Sebelum Hao Yun dan kedua rekannya berangkat menuju area kultivasi, sang pemandu berseru dengan tulus, "Serahkan perang selanjutnya kepada kami. Dibandingkan dengan para kultivator, kapal perang Tianwei kami jauh lebih cocok untuk bertempur. Lagipula, tidak masalah jika kapal-kapal itu hancur, karena kami bisa terus memproduksinya secara massal. Kami mampu membangun satu kapal perang Tianwei dalam sepuluh hari, sementara dunia Kultivasi Fisik tidak akan pernah bisa melahirkan satu kultivator tingkat Yuan Ying dalam waktu sepuluh hari. Oleh karena itu, dalam pertempuran ini, kemenangan pasti milik kita!"

Melihat generasi muda era baru ini begitu percaya diri, mereka tidak bisa berkata banyak.

Hao Yun dan kedua rekannya terbang menuju area kultivasi.

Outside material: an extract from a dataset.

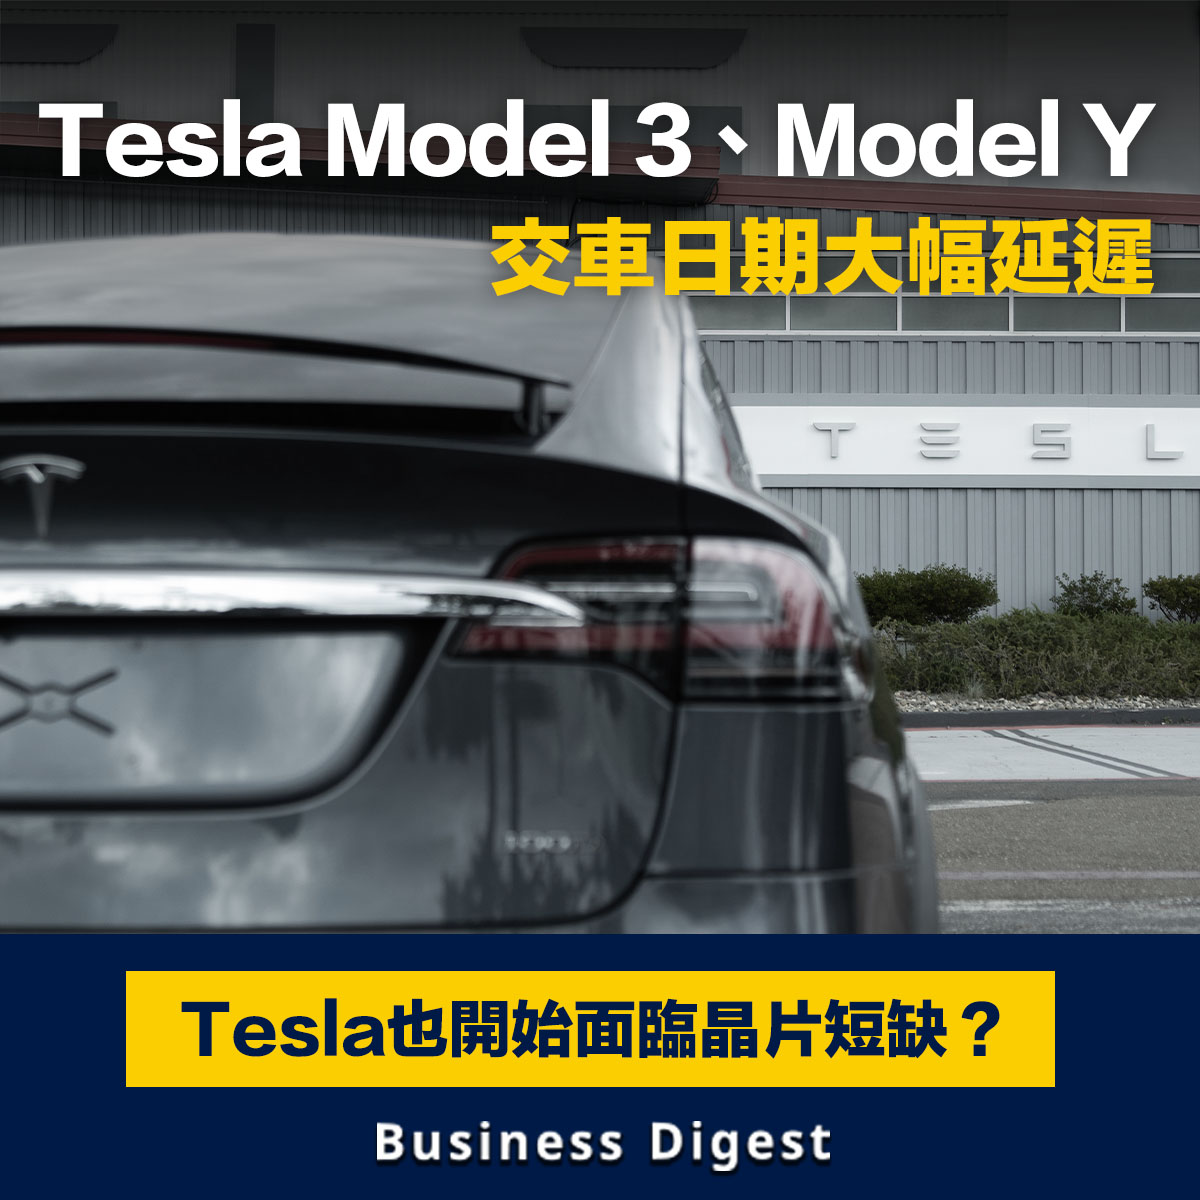 Tesla在官網上更新熱銷車型Model 3、Model Y的交車時間,延長了幾個月以上的時間。

Tak lama kemudian, mereka tiba di sana dan disambut oleh pemandangan yang menghijau asri. Tempat itu dipenuhi dengan berbagai bangunan antik, dengan ukiran kayu dan batu yang memancarkan pesona kuno.

Begitu Hao Yun dan rekan-rekannya mendarat, seorang kultivator tingkat akhir Zhu Ji terbang menghampiri mereka. Begitu kakinya menyentuh tanah, kultivator itu berseru kaget, "Tuan Hao, benarkah itu Anda!"

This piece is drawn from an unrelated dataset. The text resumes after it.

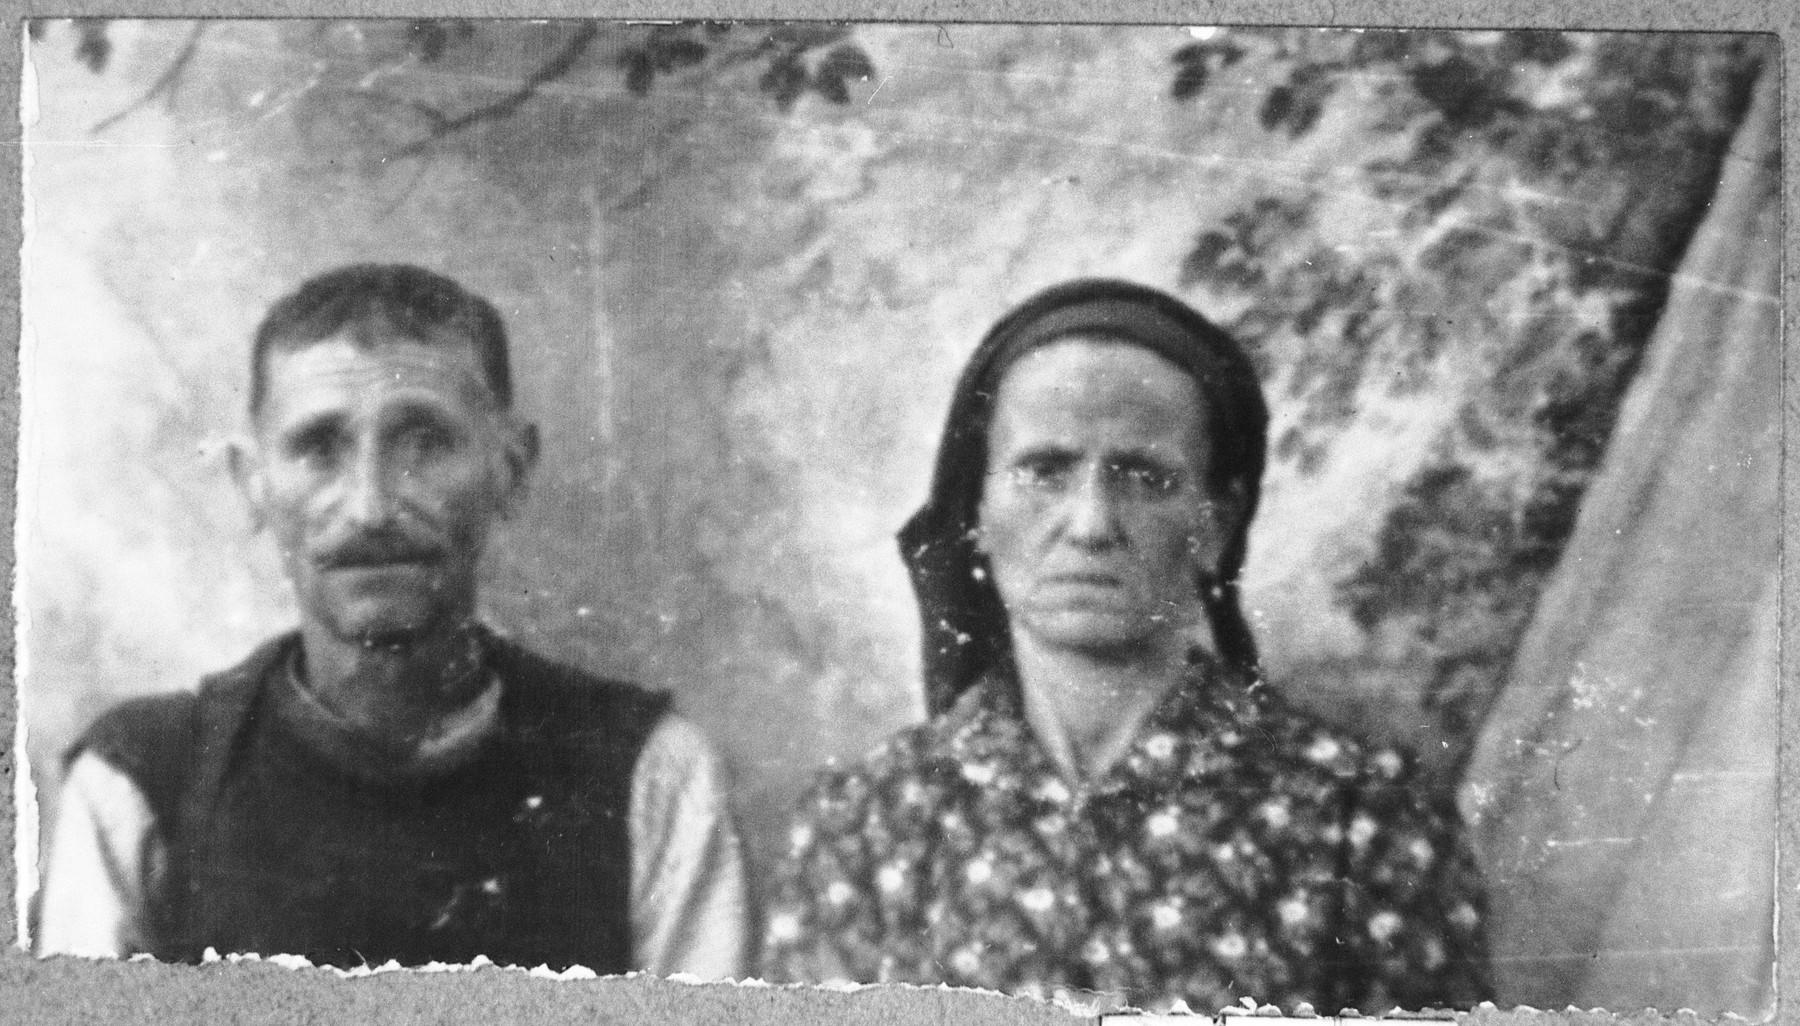 Portrait of Eliau Koen and his wife, Gracia.  Eliau was a coachman.  They lived at Avliya 4 in Bitola.

Hao Yun segera mengenali orang itu; dia adalah Sun Qi, sosok yang bertekad menjadi seorang pemandu ulung. Kini, impiannya tinggal selangkah lagi. Begitu ia mencapai tingkat Jin Dan, ia akan resmi menyandang gelar Tuan.

Sun Qi mendarat dan memberi hormat dengan penuh semangat kepada Hao Yun. Namun, tiba-tiba ia menyadari bahwa Hao Yun kini telah mencapai tingkat Yuan Ying. Ia pun terperangah, "Tuan... Tuan Hao, Anda sudah menjadi kultivator tingkat Yuan Ying?"

"Kami baru saja keluar dari pengasingan, dan dunia ini sudah berubah drastis," jawab Hao Yun.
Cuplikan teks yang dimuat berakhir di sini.